Teacher: Prof. Dr. Florian Steinke , Tim Janke

Content: Digitalization makes the analysis and interpretation of data ever more important, also for engineers. Smart Grids are a term to describe a host of novel data-based services in the field of generation, distribution, consumption, and marketing of (renewable) energy. The lecture presents the recent developments and the underlying machine learning methods.

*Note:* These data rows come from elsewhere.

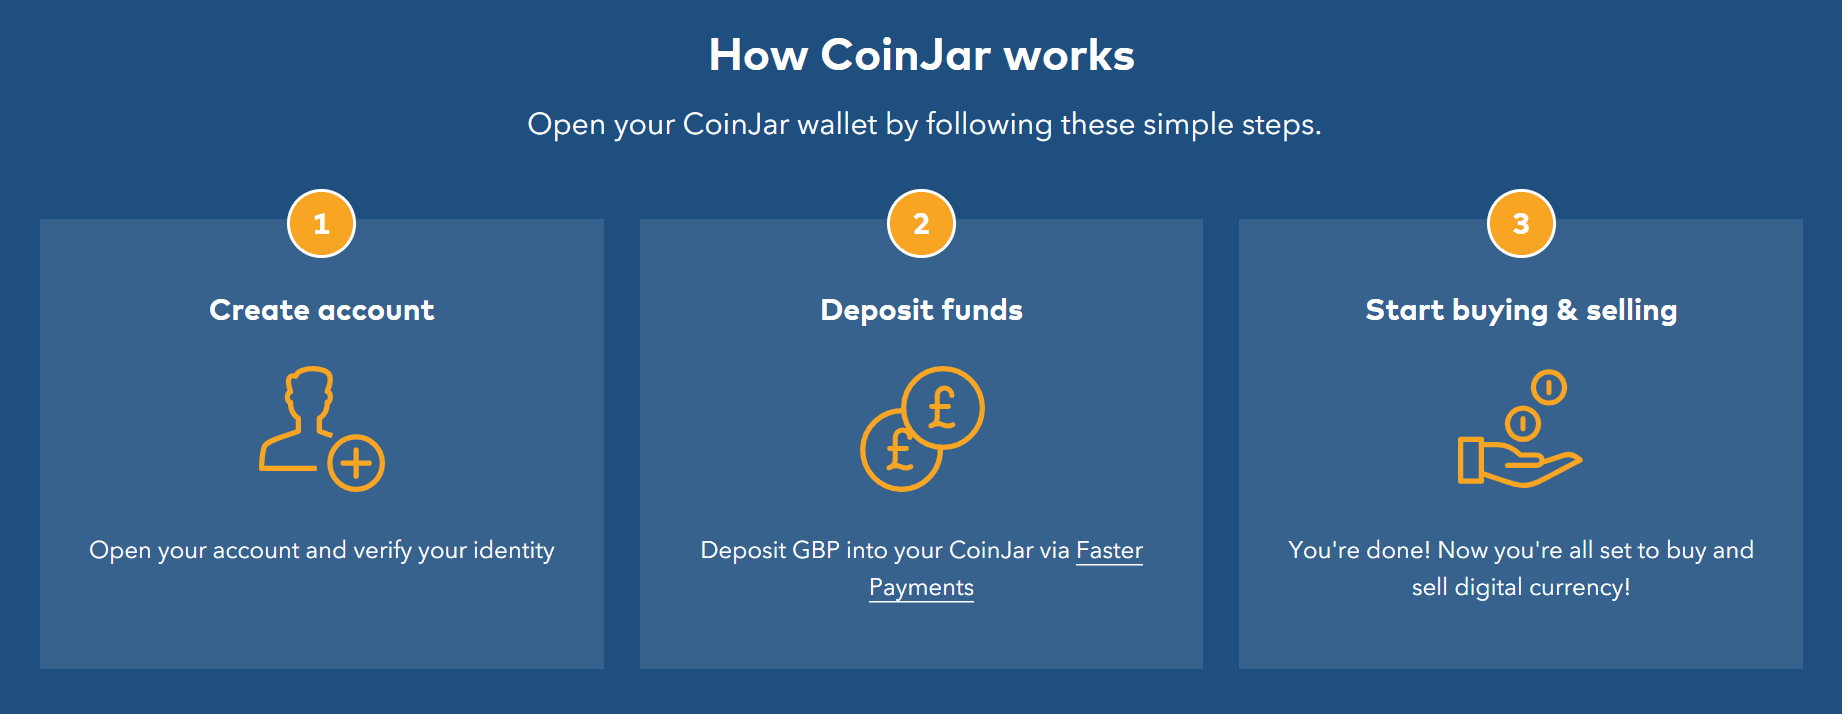 coinjar payments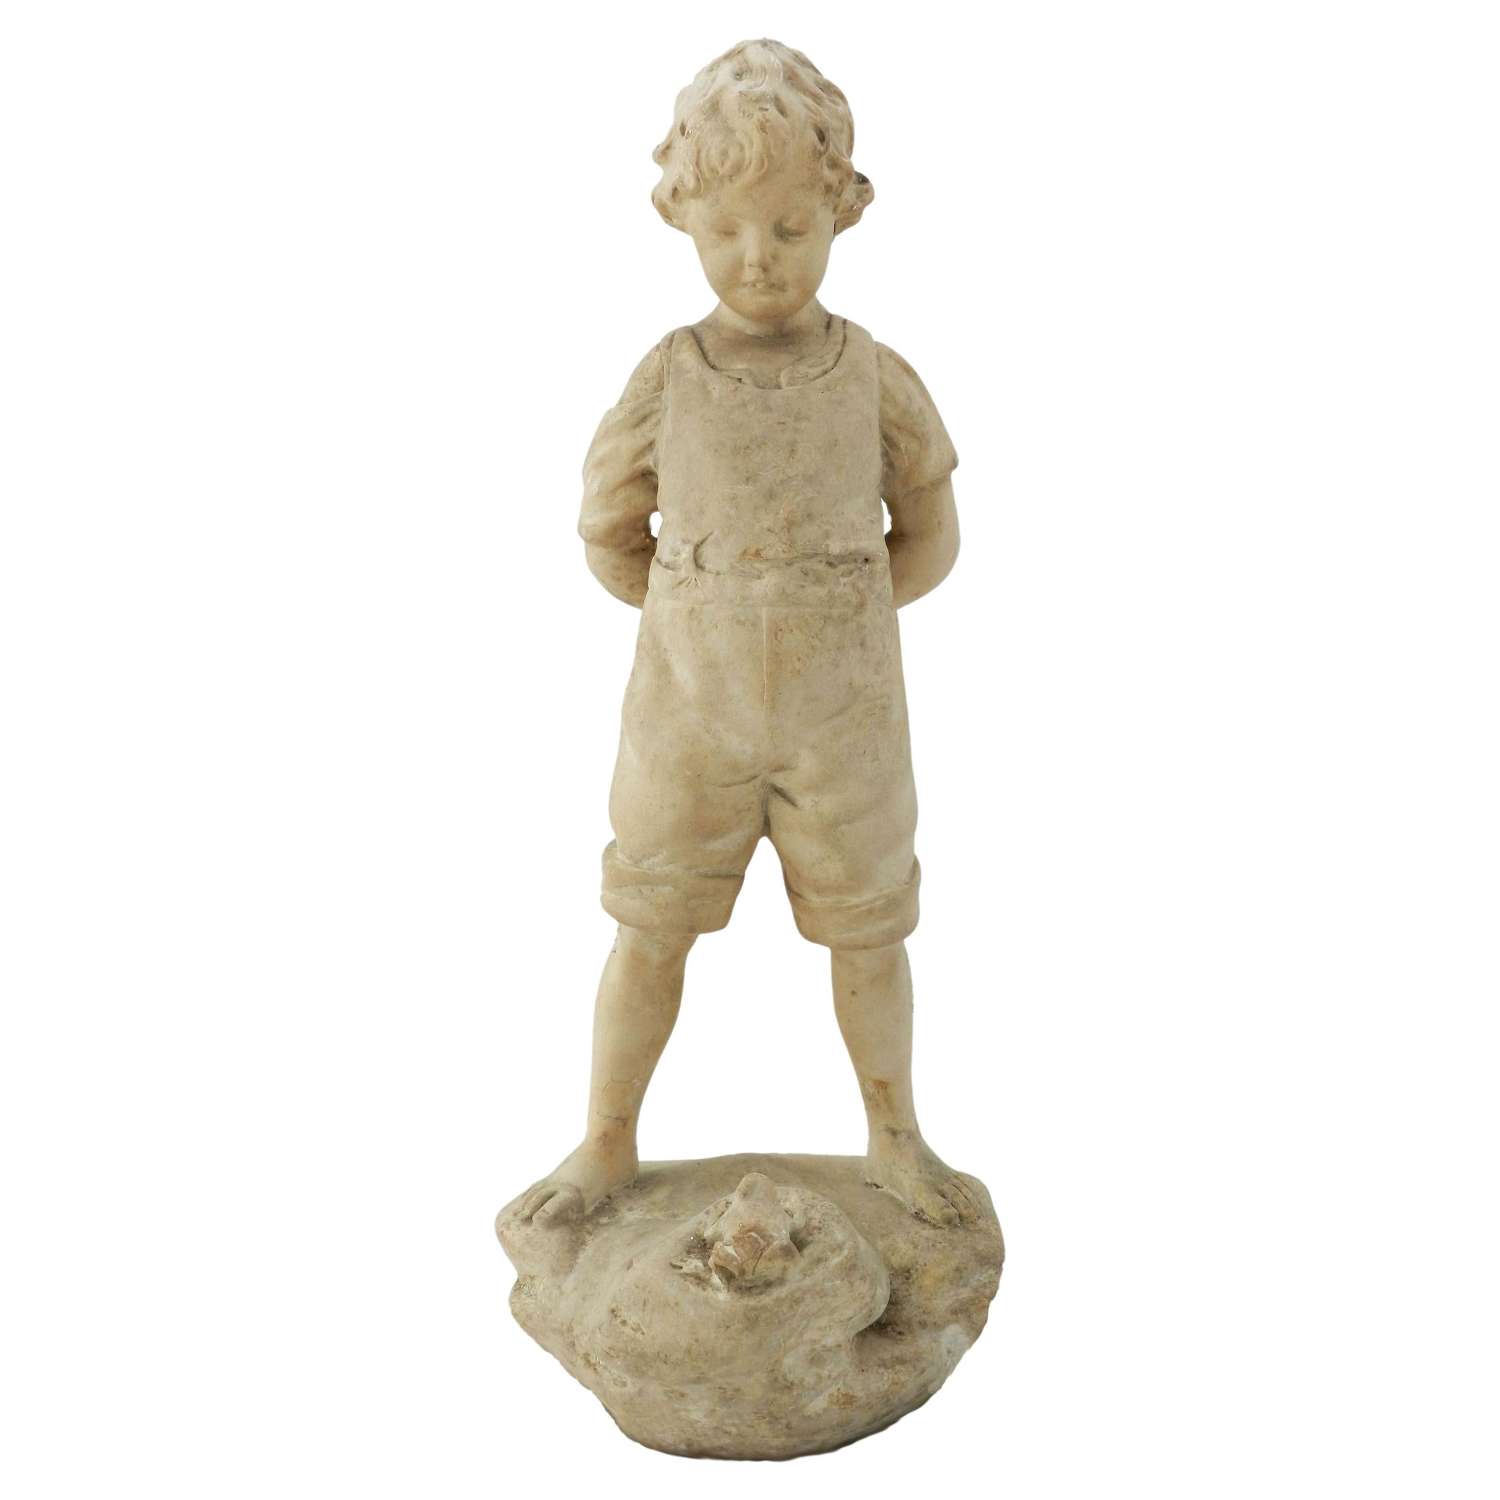 Boy with Frog Chalkware Hard Plaster Statue, c1910-20 FREE SHIPPING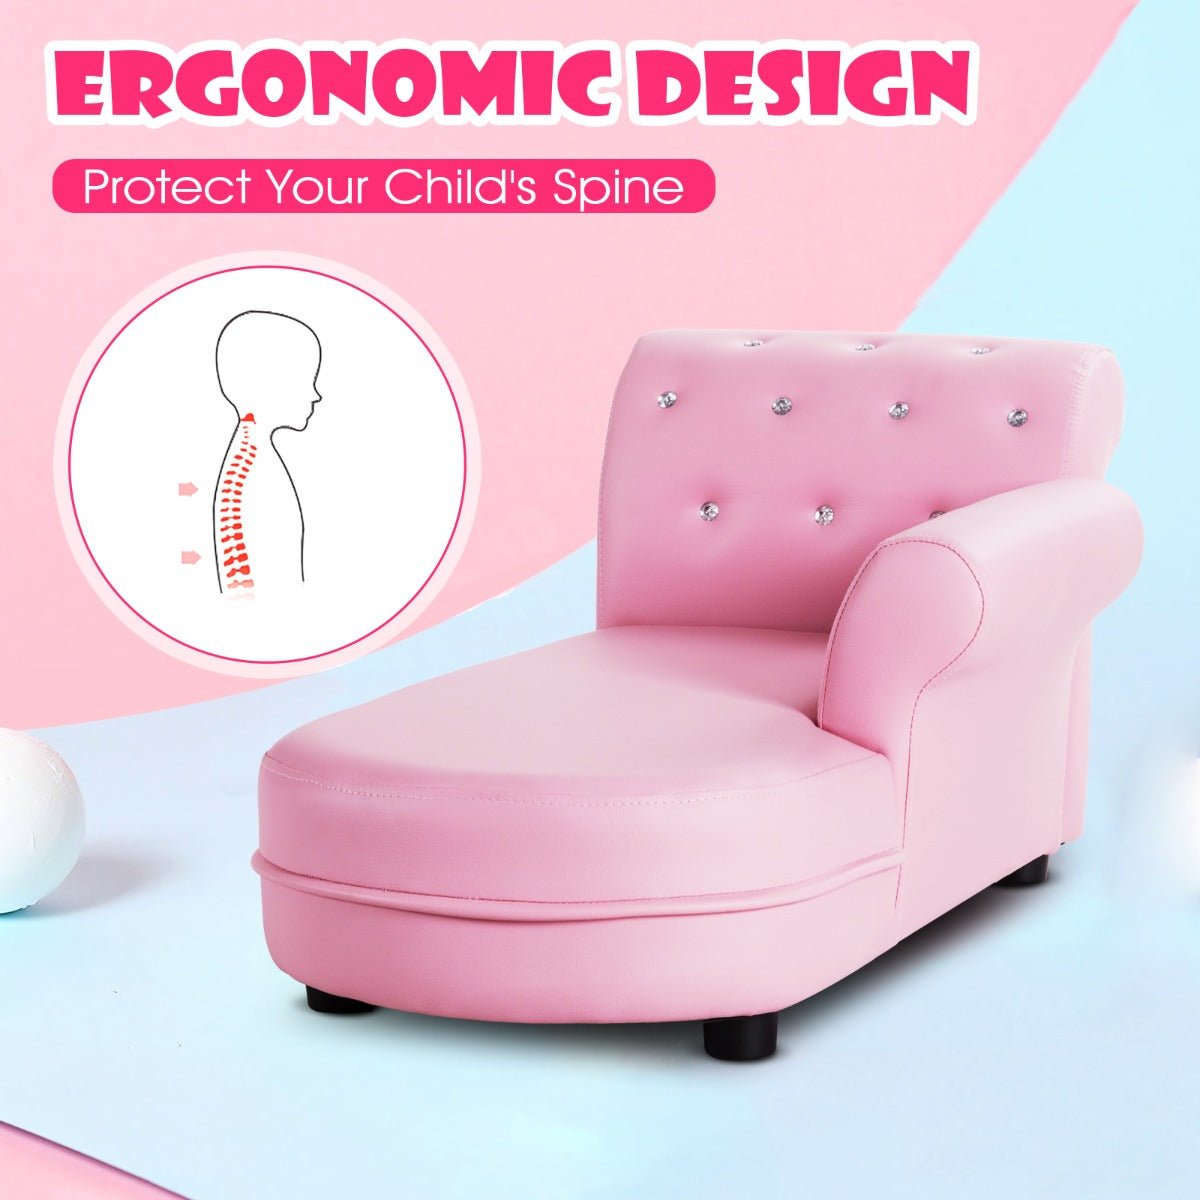 Kids Pink Sofa: PVC Leather and Crystal Details - Supreme Relaxation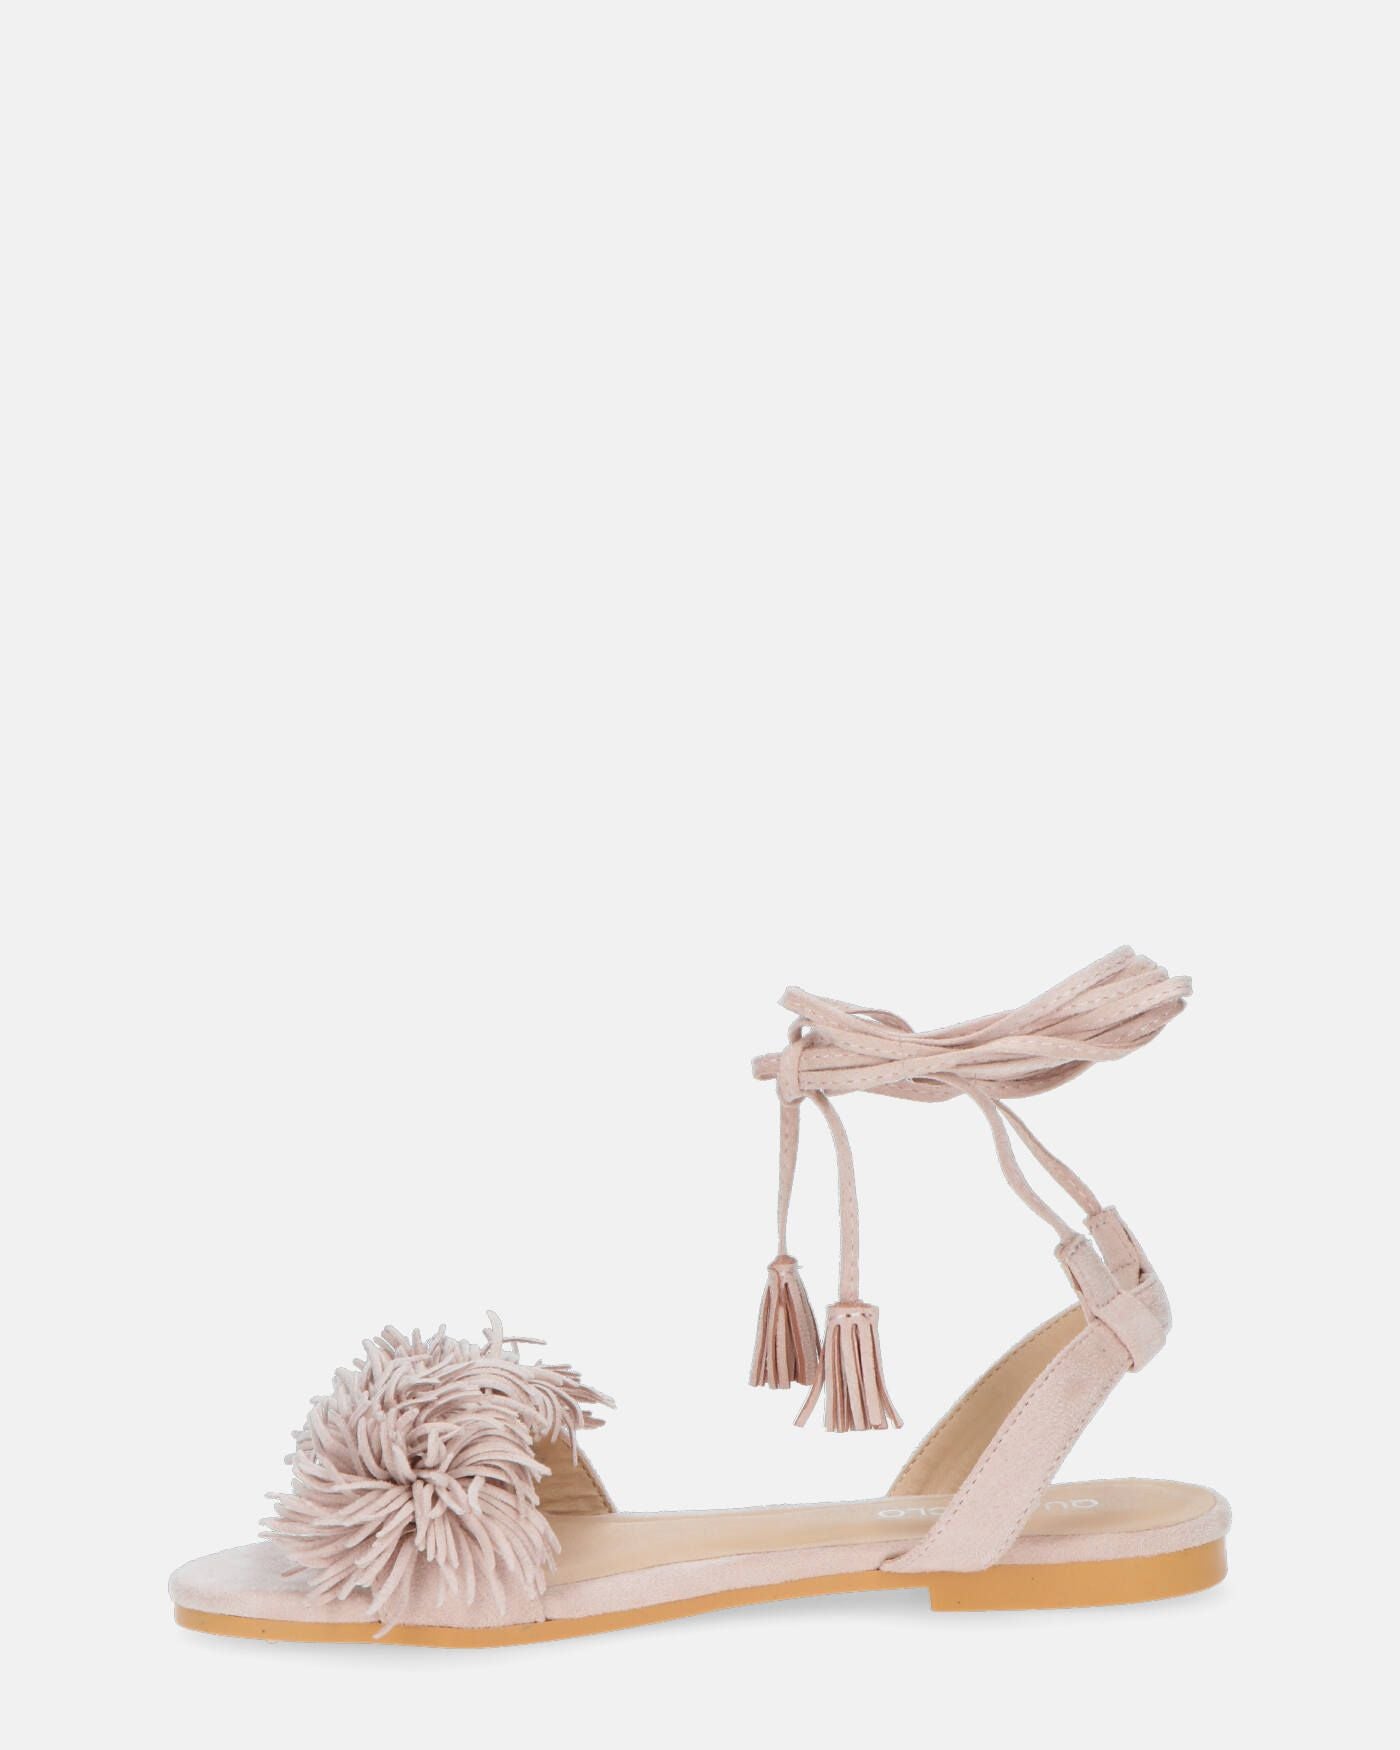 VALERY - lace up flat sandals in beige

For a start we will describe in a structured way the different problem areas that machine learning method deal with (classification, regression, clustering, dimensionality reductions, time series models, …). For each problem setting we will present applications in the energy sector (prediction of renewables, fault detection and prediction, data visualization, robust investments decisions, probabilistic load flow, …).

After such an introductory overview we will review probability distributions and probabilistic graphical models in detail. Based on these ideas we will study for each problem class one or more algorithms in detail (e.g.  SVMs, Deep Learning, Collaborative filtering,…) and examine their applications in the energy domain.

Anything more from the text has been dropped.